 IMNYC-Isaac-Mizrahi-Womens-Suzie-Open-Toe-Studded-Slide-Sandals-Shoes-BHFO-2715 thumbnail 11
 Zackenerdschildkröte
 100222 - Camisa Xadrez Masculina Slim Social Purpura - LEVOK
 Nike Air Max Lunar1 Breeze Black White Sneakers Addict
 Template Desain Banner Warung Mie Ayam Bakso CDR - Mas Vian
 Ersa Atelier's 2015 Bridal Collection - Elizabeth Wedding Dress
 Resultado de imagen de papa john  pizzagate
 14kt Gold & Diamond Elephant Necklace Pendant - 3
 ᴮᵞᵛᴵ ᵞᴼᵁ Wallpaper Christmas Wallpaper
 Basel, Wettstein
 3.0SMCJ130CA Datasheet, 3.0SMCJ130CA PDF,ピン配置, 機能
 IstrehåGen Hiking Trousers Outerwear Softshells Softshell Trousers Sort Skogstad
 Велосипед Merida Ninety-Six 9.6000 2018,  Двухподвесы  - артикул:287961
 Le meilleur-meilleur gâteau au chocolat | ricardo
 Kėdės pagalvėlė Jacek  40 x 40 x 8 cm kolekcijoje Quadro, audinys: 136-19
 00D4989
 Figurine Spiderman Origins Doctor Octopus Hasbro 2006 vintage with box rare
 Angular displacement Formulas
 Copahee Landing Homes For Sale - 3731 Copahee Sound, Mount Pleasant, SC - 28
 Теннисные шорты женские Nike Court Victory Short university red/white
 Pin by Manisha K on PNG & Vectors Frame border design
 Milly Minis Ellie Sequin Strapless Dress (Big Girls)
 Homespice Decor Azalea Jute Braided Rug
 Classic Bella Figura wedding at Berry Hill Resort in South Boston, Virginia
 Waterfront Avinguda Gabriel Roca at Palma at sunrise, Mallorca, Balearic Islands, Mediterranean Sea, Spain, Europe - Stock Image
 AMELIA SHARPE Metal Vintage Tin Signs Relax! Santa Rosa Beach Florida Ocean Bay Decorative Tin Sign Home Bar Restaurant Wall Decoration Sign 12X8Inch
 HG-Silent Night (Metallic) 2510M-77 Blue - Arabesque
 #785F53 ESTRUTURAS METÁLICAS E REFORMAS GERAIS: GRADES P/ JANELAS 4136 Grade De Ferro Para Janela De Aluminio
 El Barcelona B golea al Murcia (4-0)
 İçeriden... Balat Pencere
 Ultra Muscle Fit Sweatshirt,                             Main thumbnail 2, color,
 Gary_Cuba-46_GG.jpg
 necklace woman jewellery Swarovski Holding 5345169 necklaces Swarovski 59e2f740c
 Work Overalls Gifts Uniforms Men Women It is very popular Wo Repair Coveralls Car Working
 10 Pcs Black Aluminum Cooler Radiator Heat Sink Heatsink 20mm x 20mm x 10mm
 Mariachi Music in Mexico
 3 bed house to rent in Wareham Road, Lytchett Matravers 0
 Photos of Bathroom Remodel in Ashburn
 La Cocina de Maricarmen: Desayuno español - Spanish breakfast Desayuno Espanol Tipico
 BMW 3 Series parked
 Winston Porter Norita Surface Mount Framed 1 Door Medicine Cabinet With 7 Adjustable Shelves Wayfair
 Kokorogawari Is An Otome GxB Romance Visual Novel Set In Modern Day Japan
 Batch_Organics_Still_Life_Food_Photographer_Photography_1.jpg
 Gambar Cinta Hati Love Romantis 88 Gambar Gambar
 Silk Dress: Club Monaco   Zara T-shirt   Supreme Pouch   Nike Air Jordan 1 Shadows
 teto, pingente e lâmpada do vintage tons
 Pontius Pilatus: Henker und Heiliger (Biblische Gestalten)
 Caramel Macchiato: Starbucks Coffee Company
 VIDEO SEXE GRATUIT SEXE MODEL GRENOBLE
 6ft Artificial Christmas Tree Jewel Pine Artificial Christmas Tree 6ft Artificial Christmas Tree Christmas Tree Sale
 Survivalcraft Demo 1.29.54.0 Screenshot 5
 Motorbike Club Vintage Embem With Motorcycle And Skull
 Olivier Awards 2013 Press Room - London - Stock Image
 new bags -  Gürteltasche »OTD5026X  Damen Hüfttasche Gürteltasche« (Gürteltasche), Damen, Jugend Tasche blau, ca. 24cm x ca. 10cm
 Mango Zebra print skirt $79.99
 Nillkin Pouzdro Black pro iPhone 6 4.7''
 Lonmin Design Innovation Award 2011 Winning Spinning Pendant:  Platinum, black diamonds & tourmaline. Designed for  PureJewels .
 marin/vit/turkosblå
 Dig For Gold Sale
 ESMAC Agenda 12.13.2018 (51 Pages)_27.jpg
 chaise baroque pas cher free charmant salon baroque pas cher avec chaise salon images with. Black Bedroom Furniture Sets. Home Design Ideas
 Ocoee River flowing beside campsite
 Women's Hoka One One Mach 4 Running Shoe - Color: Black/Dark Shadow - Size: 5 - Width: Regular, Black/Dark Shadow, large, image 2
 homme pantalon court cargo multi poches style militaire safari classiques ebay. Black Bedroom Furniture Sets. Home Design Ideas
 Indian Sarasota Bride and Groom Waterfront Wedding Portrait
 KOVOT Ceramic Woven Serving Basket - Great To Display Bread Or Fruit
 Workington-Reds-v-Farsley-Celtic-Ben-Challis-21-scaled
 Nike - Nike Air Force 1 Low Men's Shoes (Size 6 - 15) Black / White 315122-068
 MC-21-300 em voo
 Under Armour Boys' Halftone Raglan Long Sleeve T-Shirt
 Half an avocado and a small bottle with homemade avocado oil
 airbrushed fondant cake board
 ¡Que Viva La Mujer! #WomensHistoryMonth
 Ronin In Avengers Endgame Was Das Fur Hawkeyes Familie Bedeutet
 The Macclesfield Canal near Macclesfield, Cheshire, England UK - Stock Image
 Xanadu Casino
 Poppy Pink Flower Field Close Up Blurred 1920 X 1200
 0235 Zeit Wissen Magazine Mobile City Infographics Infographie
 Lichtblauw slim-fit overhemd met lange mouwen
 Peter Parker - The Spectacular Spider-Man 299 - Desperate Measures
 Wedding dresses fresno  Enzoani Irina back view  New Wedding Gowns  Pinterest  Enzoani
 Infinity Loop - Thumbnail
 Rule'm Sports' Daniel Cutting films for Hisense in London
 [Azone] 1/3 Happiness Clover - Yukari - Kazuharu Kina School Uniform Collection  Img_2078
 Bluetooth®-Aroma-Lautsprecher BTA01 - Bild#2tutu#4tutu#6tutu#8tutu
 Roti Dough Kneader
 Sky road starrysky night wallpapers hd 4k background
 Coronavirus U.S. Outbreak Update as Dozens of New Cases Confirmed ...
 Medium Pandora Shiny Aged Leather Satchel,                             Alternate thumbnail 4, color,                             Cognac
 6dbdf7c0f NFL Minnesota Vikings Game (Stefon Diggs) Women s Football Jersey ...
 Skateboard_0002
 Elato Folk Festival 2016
────
• _Work instructions_
Return all data verbatim.

• _Finished exercise_
 IMNYC-Isaac-Mizrahi-Womens-Suzie-Open-Toe-Studded-Slide-Sandals-Shoes-BHFO-2715 thumbnail 11
 Zackenerdschildkröte
 100222 - Camisa Xadrez Masculina Slim Social Purpura - LEVOK
 Nike Air Max Lunar1 Breeze Black White Sneakers Addict
 Template Desain Banner Warung Mie Ayam Bakso CDR - Mas Vian
 Ersa Atelier's 2015 Bridal Collection - Elizabeth Wedding Dress
 Resultado de imagen de papa john  pizzagate
 14kt Gold & Diamond Elephant Necklace Pendant - 3
 ᴮᵞᵛᴵ ᵞᴼᵁ Wallpaper Christmas Wallpaper
 Basel, Wettstein
 3.0SMCJ130CA Datasheet, 3.0SMCJ130CA PDF,ピン配置, 機能
 IstrehåGen Hiking Trousers Outerwear Softshells Softshell Trousers Sort Skogstad
 Велосипед Merida Ninety-Six 9.6000 2018,  Двухподвесы  - артикул:287961
 Le meilleur-meilleur gâteau au chocolat | ricardo
 Kėdės pagalvėlė Jacek  40 x 40 x 8 cm kolekcijoje Quadro, audinys: 136-19
 00D4989
 Figurine Spiderman Origins Doctor Octopus Hasbro 2006 vintage with box rare
 Angular displacement Formulas
 Copahee Landing Homes For Sale - 3731 Copahee Sound, Mount Pleasant, SC - 28
 Теннисные шорты женские Nike Court Victory Short university red/white
 Pin by Manisha K on PNG & Vectors Frame border design
 Milly Minis Ellie Sequin Strapless Dress (Big Girls)
 Homespice Decor Azalea Jute Braided Rug
 Classic Bella Figura wedding at Berry Hill Resort in South Boston, Virginia
 Waterfront Avinguda Gabriel Roca at Palma at sunrise, Mallorca, Balearic Islands, Mediterranean Sea, Spain, Europe - Stock Image
 AMELIA SHARPE Metal Vintage Tin Signs Relax! Santa Rosa Beach Florida Ocean Bay Decorative Tin Sign Home Bar Restaurant Wall Decoration Sign 12X8Inch
 HG-Silent Night (Metallic) 2510M-77 Blue - Arabesque
 #785F53 ESTRUTURAS METÁLICAS E REFORMAS GERAIS: GRADES P/ JANELAS 4136 Grade De Ferro Para Janela De Aluminio
 El Barcelona B golea al Murcia (4-0)
 İçeriden... Balat Pencere
 Ultra Muscle Fit Sweatshirt,                             Main thumbnail 2, color,
 Gary_Cuba-46_GG.jpg
 necklace woman jewellery Swarovski Holding 5345169 necklaces Swarovski 59e2f740c
 Work Overalls Gifts Uniforms Men Women It is very popular Wo Repair Coveralls Car Working
 10 Pcs Black Aluminum Cooler Radiator Heat Sink Heatsink 20mm x 20mm x 10mm
 Mariachi Music in Mexico
 3 bed house to rent in Wareham Road, Lytchett Matravers 0
 Photos of Bathroom Remodel in Ashburn
 La Cocina de Maricarmen: Desayuno español - Spanish breakfast Desayuno Espanol Tipico
 BMW 3 Series parked
 Winston Porter Norita Surface Mount Framed 1 Door Medicine Cabinet With 7 Adjustable Shelves Wayfair
 Kokorogawari Is An Otome GxB Romance Visual Novel Set In Modern Day Japan
 Batch_Organics_Still_Life_Food_Photographer_Photography_1.jpg
 Gambar Cinta Hati Love Romantis 88 Gambar Gambar
 Silk Dress: Club Monaco   Zara T-shirt   Supreme Pouch   Nike Air Jordan 1 Shadows
 teto, pingente e lâmpada do vintage tons
 Pontius Pilatus: Henker und Heiliger (Biblische Gestalten)
 Caramel Macchiato: Starbucks Coffee Company
 VIDEO SEXE GRATUIT SEXE MODEL GRENOBLE
 6ft Artificial Christmas Tree Jewel Pine Artificial Christmas Tree 6ft Artificial Christmas Tree Christmas Tree Sale
 Survivalcraft Demo 1.29.54.0 Screenshot 5
 Motorbike Club Vintage Embem With Motorcycle And Skull
 Olivier Awards 2013 Press Room - London - Stock Image
 new bags -  Gürteltasche »OTD5026X  Damen Hüfttasche Gürteltasche« (Gürteltasche), Damen, Jugend Tasche blau, ca. 24cm x ca. 10cm
 Mango Zebra print skirt $79.99
 Nillkin Pouzdro Black pro iPhone 6 4.7''
 Lonmin Design Innovation Award 2011 Winning Spinning Pendant:  Platinum, black diamonds & tourmaline. Designed for  PureJewels .
 marin/vit/turkosblå
 Dig For Gold Sale
 ESMAC Agenda 12.13.2018 (51 Pages)_27.jpg
 chaise baroque pas cher free charmant salon baroque pas cher avec chaise salon images with. Black Bedroom Furniture Sets. Home Design Ideas
 Ocoee River flowing beside campsite
 Women's Hoka One One Mach 4 Running Shoe - Color: Black/Dark Shadow - Size: 5 - Width: Regular, Black/Dark Shadow, large, image 2
 homme pantalon court cargo multi poches style militaire safari classiques ebay. Black Bedroom Furniture Sets. Home Design Ideas
 Indian Sarasota Bride and Groom Waterfront Wedding Portrait
 KOVOT Ceramic Woven Serving Basket - Great To Display Bread Or Fruit
 Workington-Reds-v-Farsley-Celtic-Ben-Challis-21-scaled
 Nike - Nike Air Force 1 Low Men's Shoes (Size 6 - 15) Black / White 315122-068
 MC-21-300 em voo
 Under Armour Boys' Halftone Raglan Long Sleeve T-Shirt
 Half an avocado and a small bottle with homemade avocado oil
 airbrushed fondant cake board
 ¡Que Viva La Mujer! #WomensHistoryMonth
 Ronin In Avengers Endgame Was Das Fur Hawkeyes Familie Bedeutet
 The Macclesfield Canal near Macclesfield, Cheshire, England UK - Stock Image
 Xanadu Casino
 Poppy Pink Flower Field Close Up Blurred 1920 X 1200
 0235 Zeit Wissen Magazine Mobile City Infographics Infographie
 Lichtblauw slim-fit overhemd met lange mouwen
 Peter Parker - The Spectacular Spider-Man 299 - Desperate Measures
 Wedding dresses fresno  Enzoani Irina back view  New Wedding Gowns  Pinterest  Enzoani
 Infinity Loop - Thumbnail
 Rule'm Sports' Daniel Cutting films for Hisense in London
 [Azone] 1/3 Happiness Clover - Yukari - Kazuharu Kina School Uniform Collection  Img_2078
 Bluetooth®-Aroma-Lautsprecher BTA01 - Bild#2tutu#4tutu#6tutu#8tutu
 Roti Dough Kneader
 Sky road starrysky night wallpapers hd 4k background
 Coronavirus U.S. Outbreak Update as Dozens of New Cases Confirmed ...
 Medium Pandora Shiny Aged Leather Satchel,                             Alternate thumbnail 4, color,                             Cognac
 6dbdf7c0f NFL Minnesota Vikings Game (Stefon Diggs) Women s Football Jersey ...
 Skateboard_0002
 Elato Folk Festival 2016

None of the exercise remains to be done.